Task details:
Make an exact copy of the listing, without images.

Data section:
========
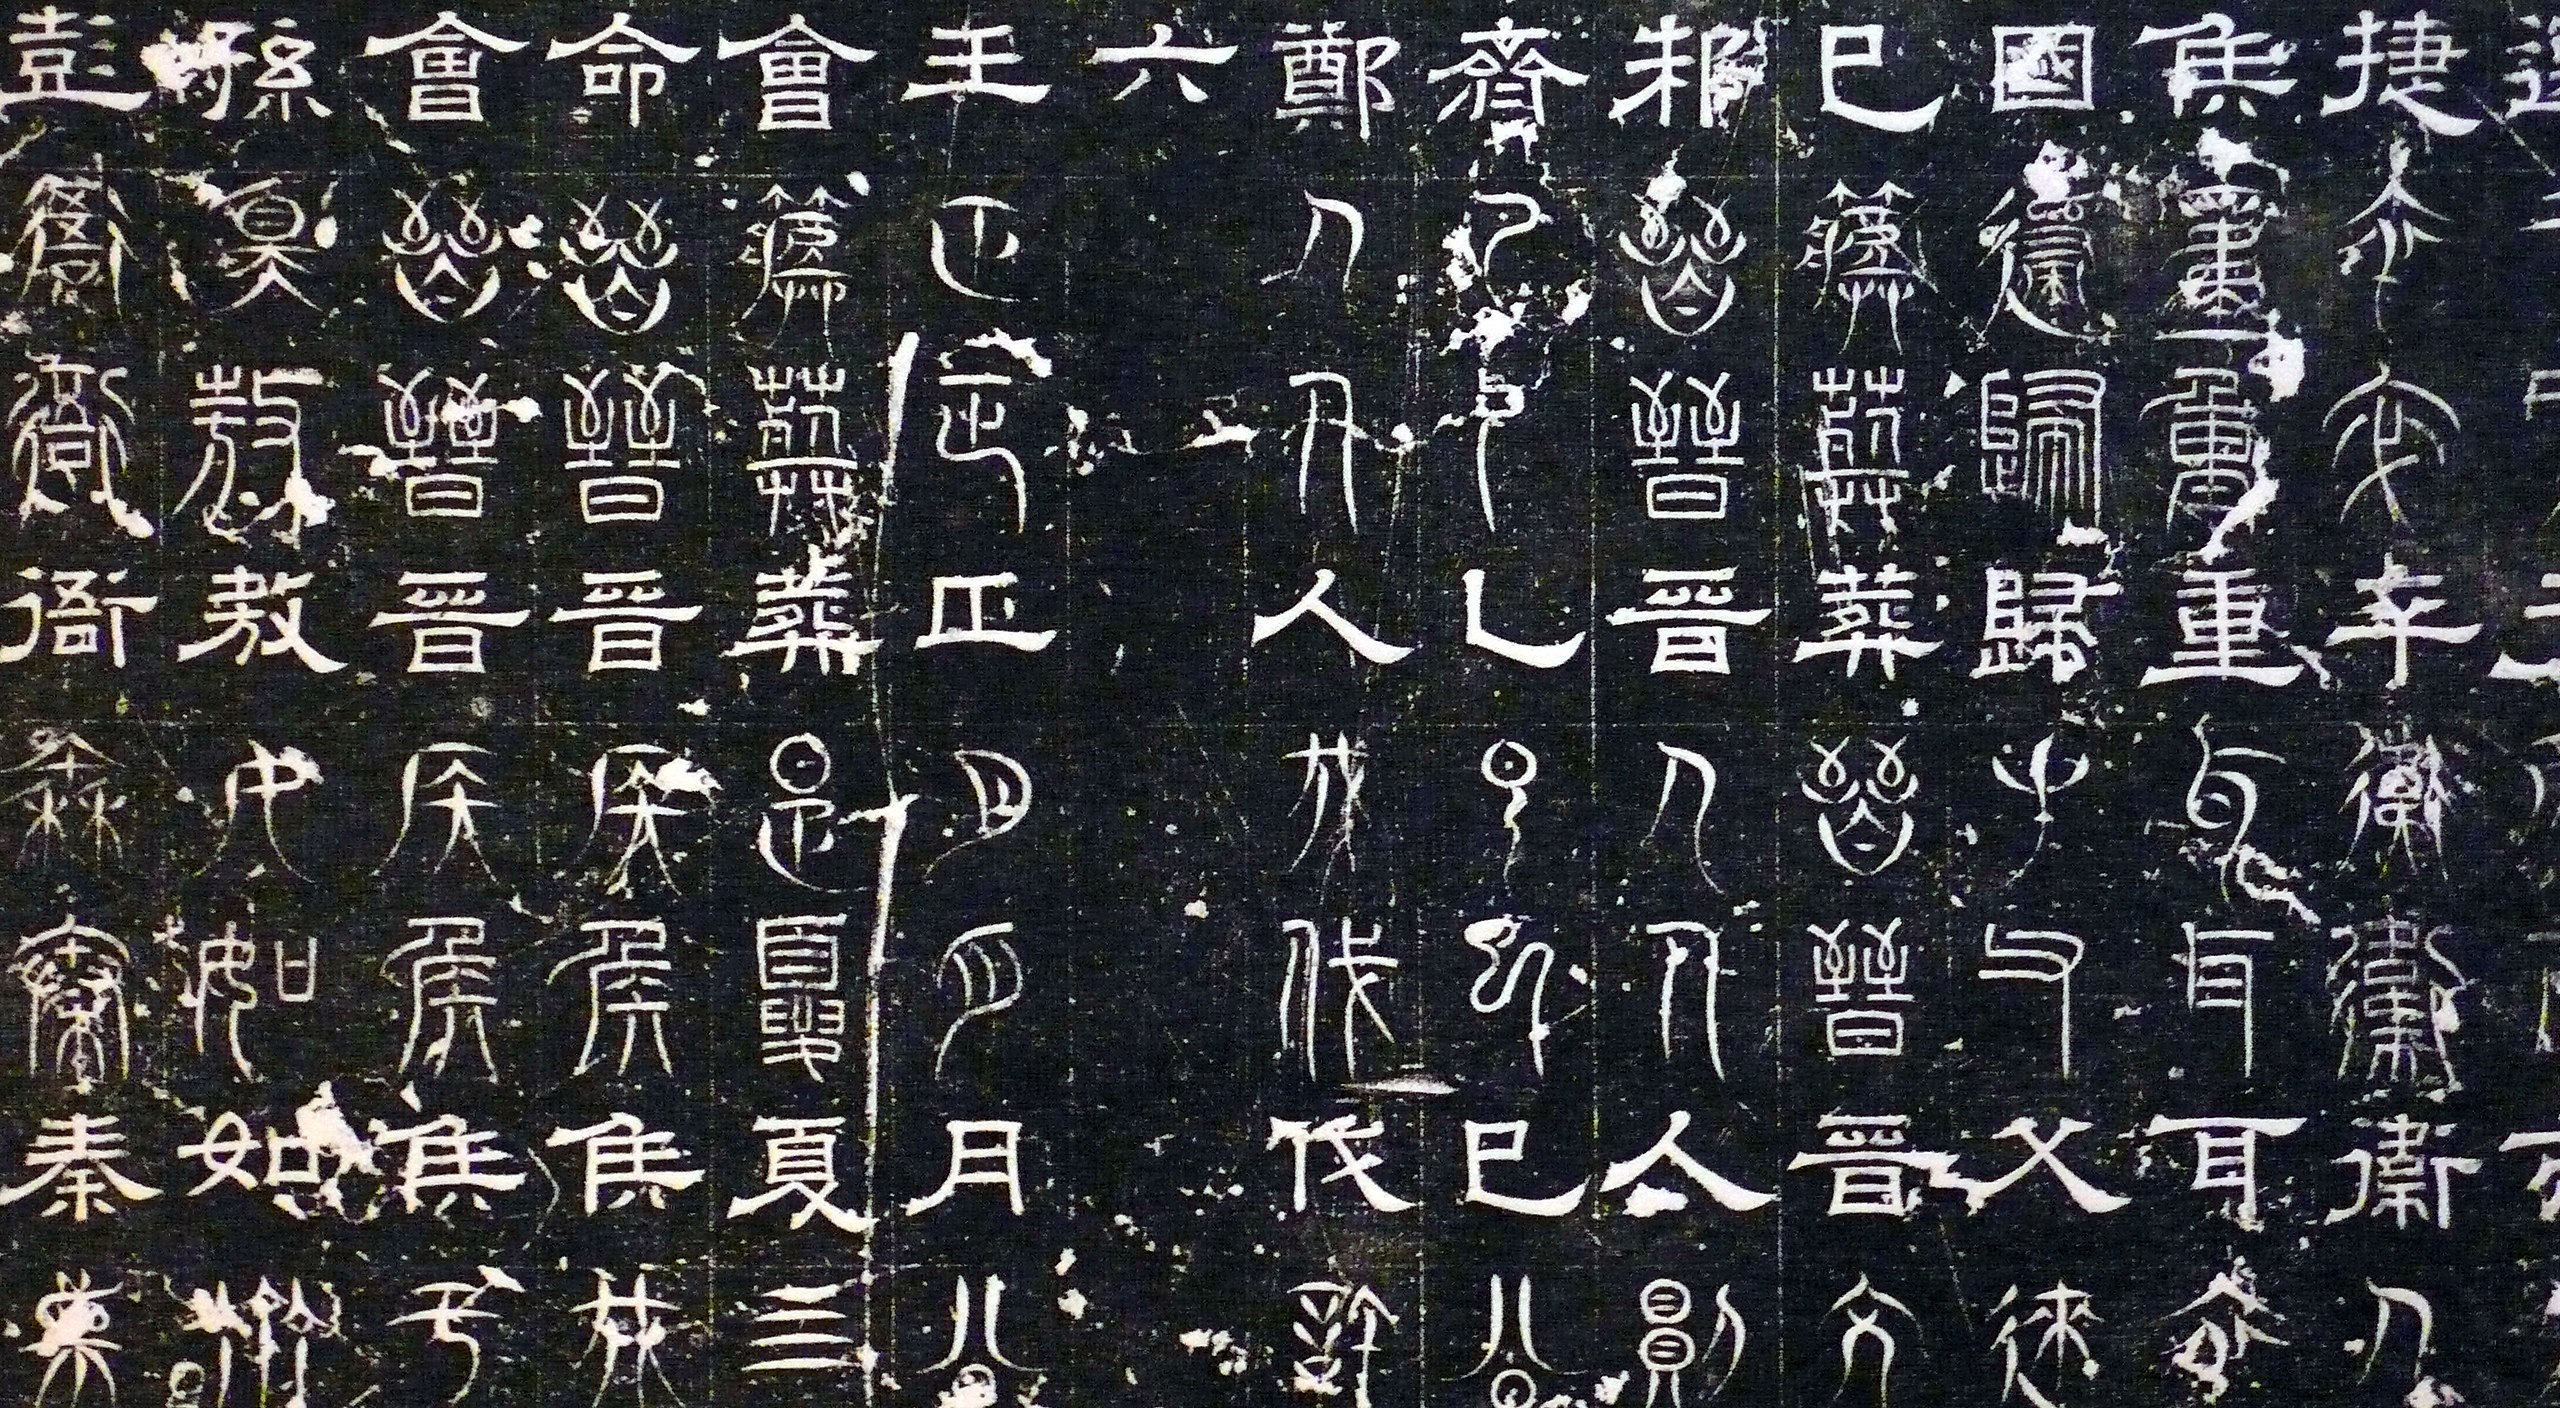 File:三体石经拓片.JPG - Wikipedia
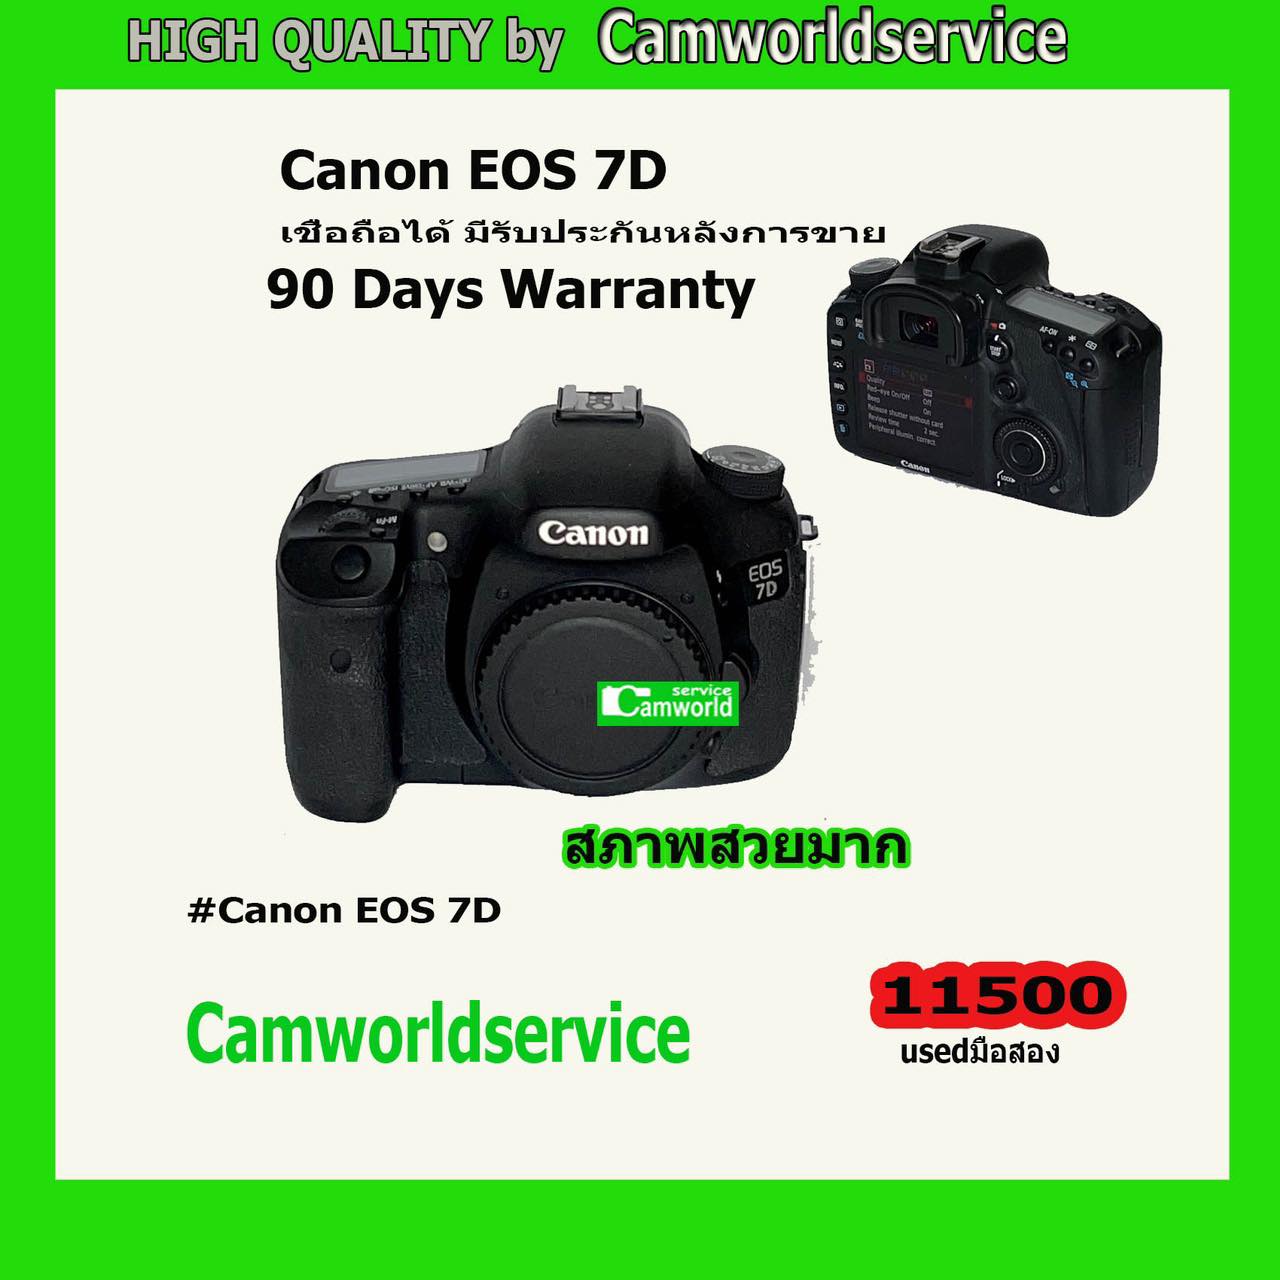 Canon EOS 7D Body - มือสอง สภาพดี เชื่อถือได้ มีรับประกันคุณภาพ 90 วัน
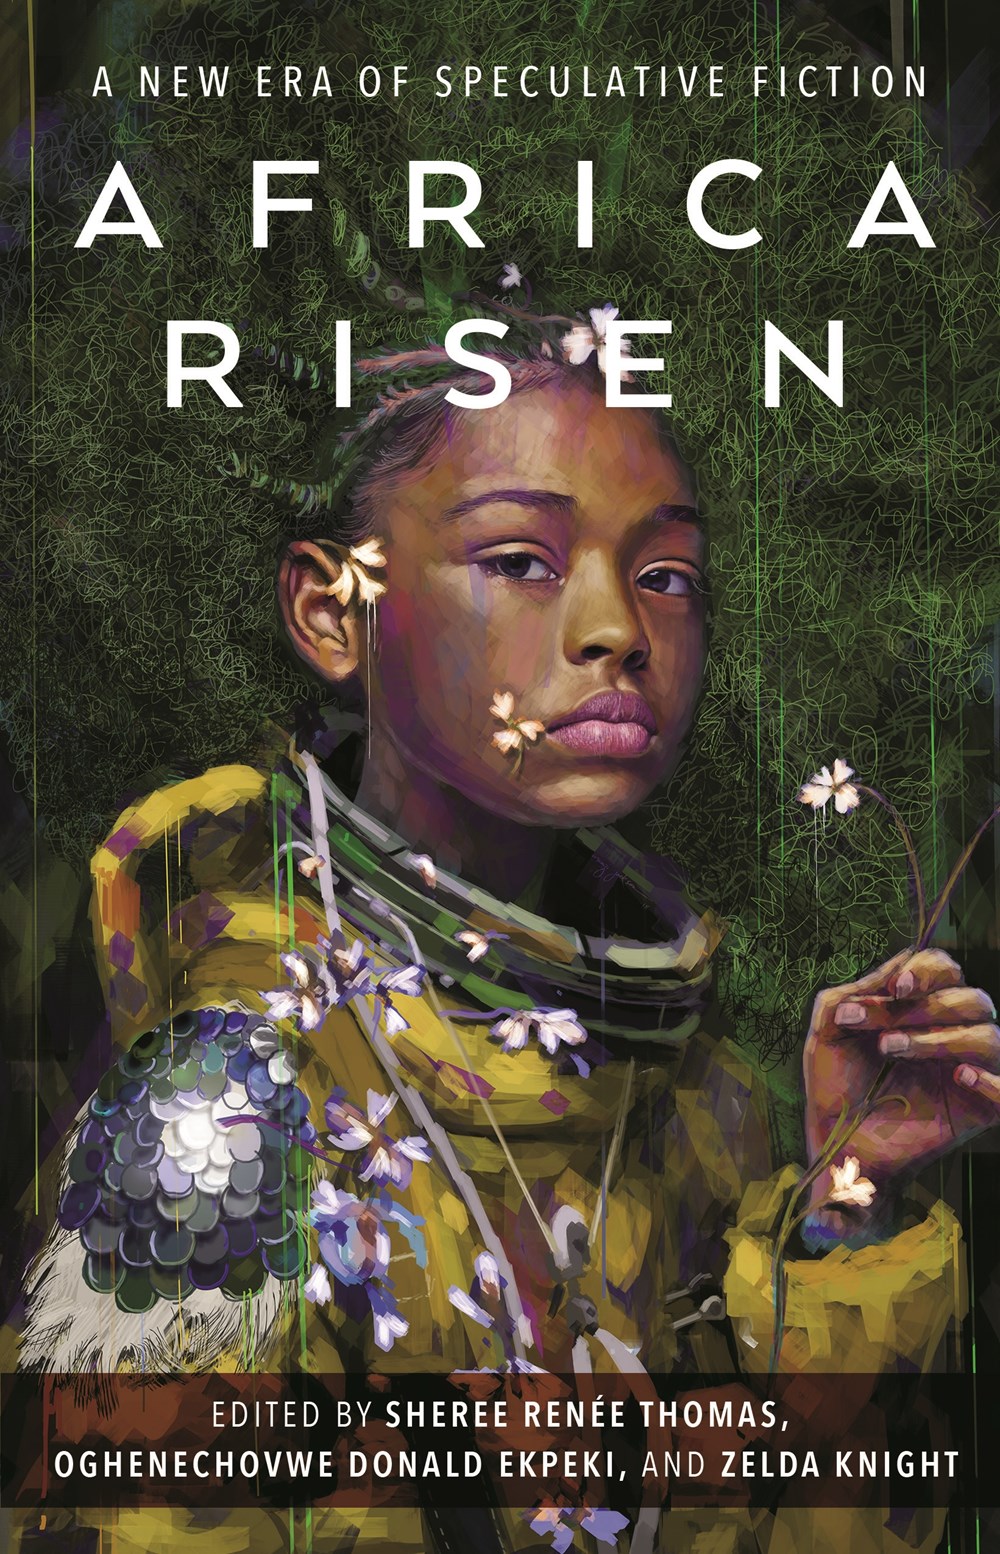 African Risen: A New Era of Speculative Fiction edited by Sheree Renée Thomas, Oghenechovwe Donald Ekpeki, Zelda Knight
========
Result of this exercise:
 File:三体石经拓片.JPG - Wikipedia
 Canon EOS 7D Body - มือสอง สภาพดี เชื่อถือได้ มีรับประกันคุณภาพ 90 วัน
 African Risen: A New Era of Speculative Fiction edited by Sheree Renée Thomas, Oghenechovwe Donald Ekpeki, Zelda Knight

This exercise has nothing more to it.